Signature and Submission

Please verify the information you have entered and review the Terms of Submission below before signing and clicking SUBMIT below to file this notice.

Terms of Submission

In submitting this notice, each issuer named above is:
  • Notifying the SEC and/or each State in which this notice is filed of the offering of securities described and undertaking to furnish them, upon written request, in the accordance with applicable law, the information furnished to offerees.*
  • Irrevocably appointing each of the Secretary of the SEC and, the Securities Administrator or other legally designated officer of the State in which the issuer maintains its principal place of business and any State in which this notice is filed, as its agents for service of process, and agreeing that these persons may accept service on its behalf, of any notice, process or pleading, and further agreeing that such service may be made by registered or certified mail, in any Federal or state action, administrative proceeding, or arbitration brought against the issuer in any place subject to the jurisdiction of the United States, if the action, proceeding or arbitration (a) arises out of any activity in connection with the offering of securities that is the subject of this notice, and (b) is founded, directly or indirectly, upon the provisions of: (i) the Securities Act of 1933, the Securities Exchange Act of 1934, the Trust Indenture Act of 1939, the Investment Company Act of 1940, or the Investment Advisers Act of 1940, or any rule or regulation under any of these statutes, or (ii) the laws of the State in which the issuer maintains its principal place of business or any State in which this notice is filed.
  • Certifying that, if the issuer is claiming a Regulation D exemption for the offering, the issuer is not disqualified from relying on Rule 504 or Rule 506 for one of the reasons stated in Rule 504(b)(3) or Rule 506(d).

Each Issuer identified above has read this notice, knows the contents to be true, and has duly caused this notice to be signed on its behalf by the undersigned duly authorized person.

For signature, type in the signer's name or other letters or characters adopted or authorized as the signer's signature.

Issuer Signature Name of Signer Title Date
Public Policy Holding Company, Inc. /s/ George Stewart Hall George Stewart Hall Chief Executive Officer 2026-07-15

Persons who respond to the collection of information contained in this form are not required to respond unless the form displays a currently valid OMB number.

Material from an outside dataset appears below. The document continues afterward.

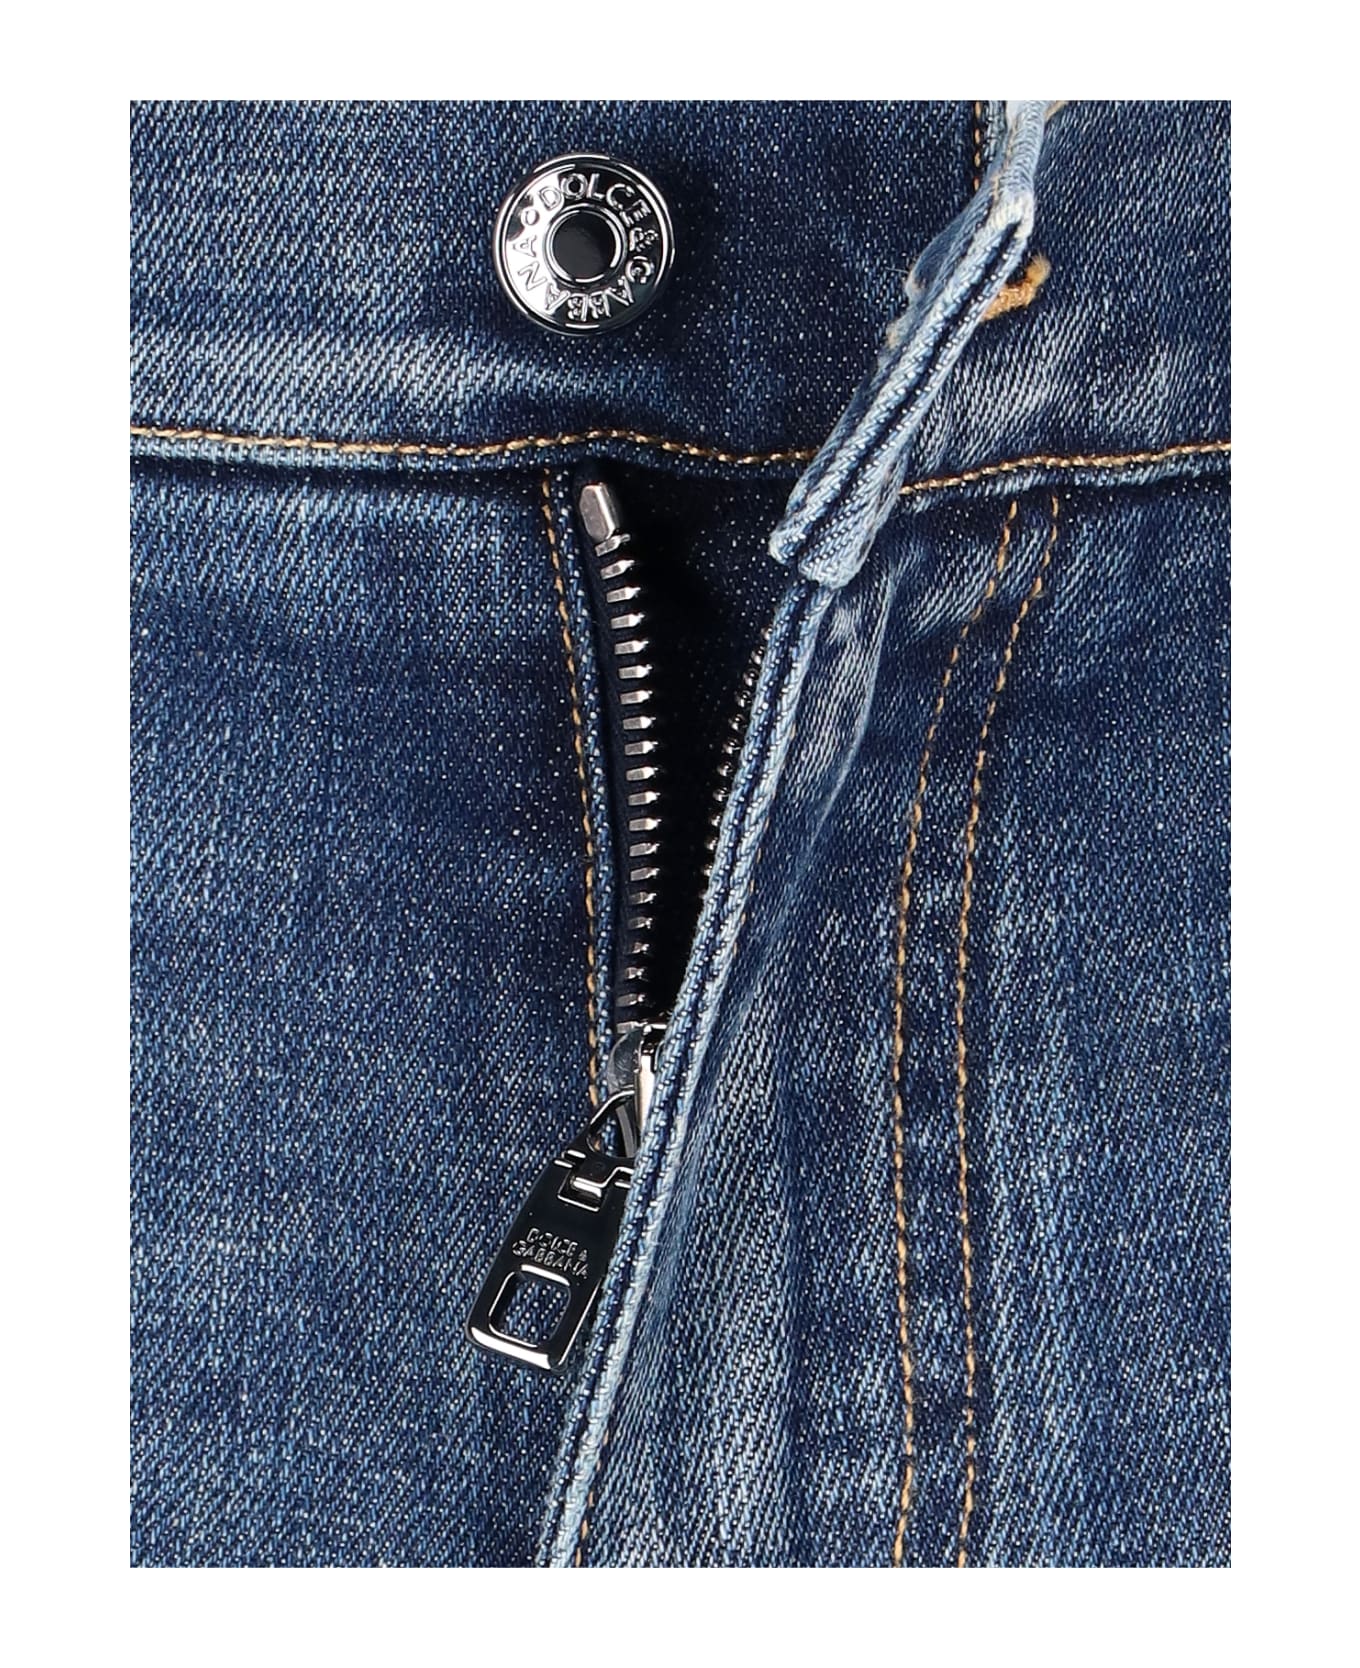 Dolce & Gabbana Straight Jeans Usured Details - Blue デニム

* This undertaking does not affect any limits Section 102(a) of the National Securities Markets Improvement Act of 1996 ("NSMIA") [Pub. L. No. 104-290, 110 Stat. 3416 (Oct. 11, 1996)] imposes on the ability of States to require information. As a result, if the securities that are the subject of this Form D are "covered securities" for purposes of NSMIA, whether in all instances or due to the nature of the offering that is the subject of this Form D, States cannot routinely require offering materials under this undertaking or otherwise and can require offering materials only to the extent NSMIA permits them to do so under NSMIA's preservation of their anti-fraud authority.